Thank you everyone for your feedback.

Seeking Feedback on “ARC: Analysis of Raft Consensus”

My undergraduate dissertation “ARC: Analysis of Raft Consensus” will be submitted as a UCAM tech report. A draft is available here and I would be very grateful of any feedback.

Title: ARC: Analysis of Raft Consensus

Abstract:
The Paxos algorithm, despite being synonymous with distributed consensus for a decade, is famously difficult to reason about and implement due to its non-intuitive approach and underspecification. In response, this project implemented and evaluated a framework for constructing fault-tolerant applications, utilising the recently proposed Raft algorithm for distributed consensus. Constructing a simulation framework for our implementation enabled us to evaluate the protocol on everything from understandability and efficiency to correctness and performance in diverse network environments. We propose a range of optimisations to the protocol and released to the community a testbed for developing further optimisations and investigating optimal protocol parameters for real-world deployments.

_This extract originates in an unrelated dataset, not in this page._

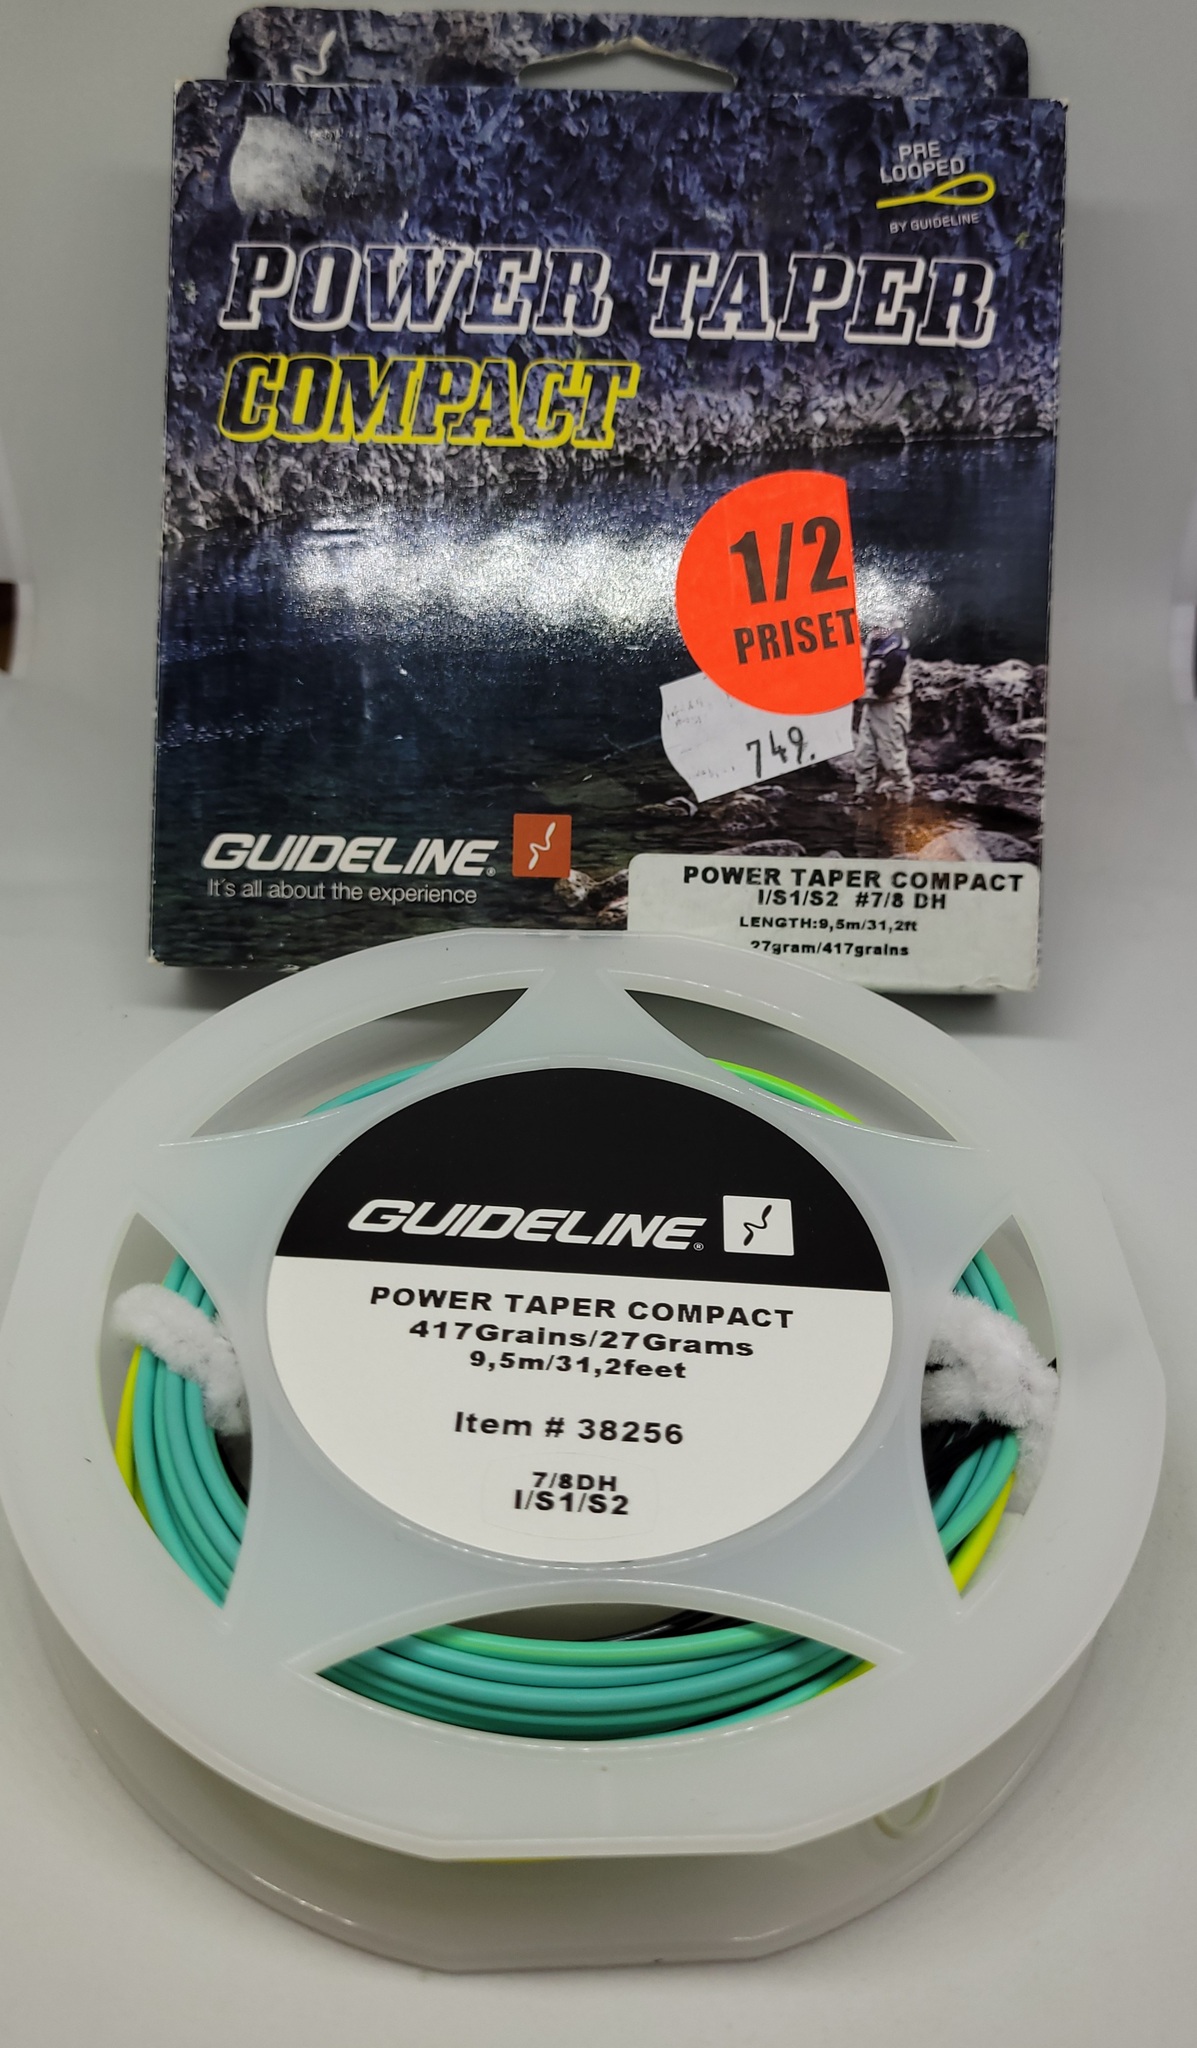 Guideline Power Taper Compact #7/8DH I/S1/S2 9,5m 27g

EDIT 1: Regarding the difference between this tech report and my dissertation. I have cut out material i didn’t believe would be of general interest, such as how i used VC or lessons learned. If you would like a copy of the original dissertation (probably because your a Part 2 student yourself), just email me and I’ll be happy to provide you a copy.

EDIT 2: I’m pretty much happy to take feedback by any format, Comment below or email me at hh360 @ cam . ac . uk

EDIT 3: A massive thankyou to everyone who has provided feedback and help to disseminate this draft (by retweeting it)

EDIT 4: The code is open source (MIT licence) and available on GitHub. I’ve not linked to as its currently undergoing a refactoring / documenting process ready for release of v0.1. My plan is split the code base into two separate libraries, one will be a event-based simulator for distributed system and the other will be a standalone Raft implementation. I’ll update this blog (& twitter) when the code is ready

EDIT 5:  Wow. The response to this draft has been much greater than I expected (300+ downloads so far). Thank you so much to everyone in the community and of course Diego Ongaro. Diego’s Raft paper is online here and the Raft consensus site is here.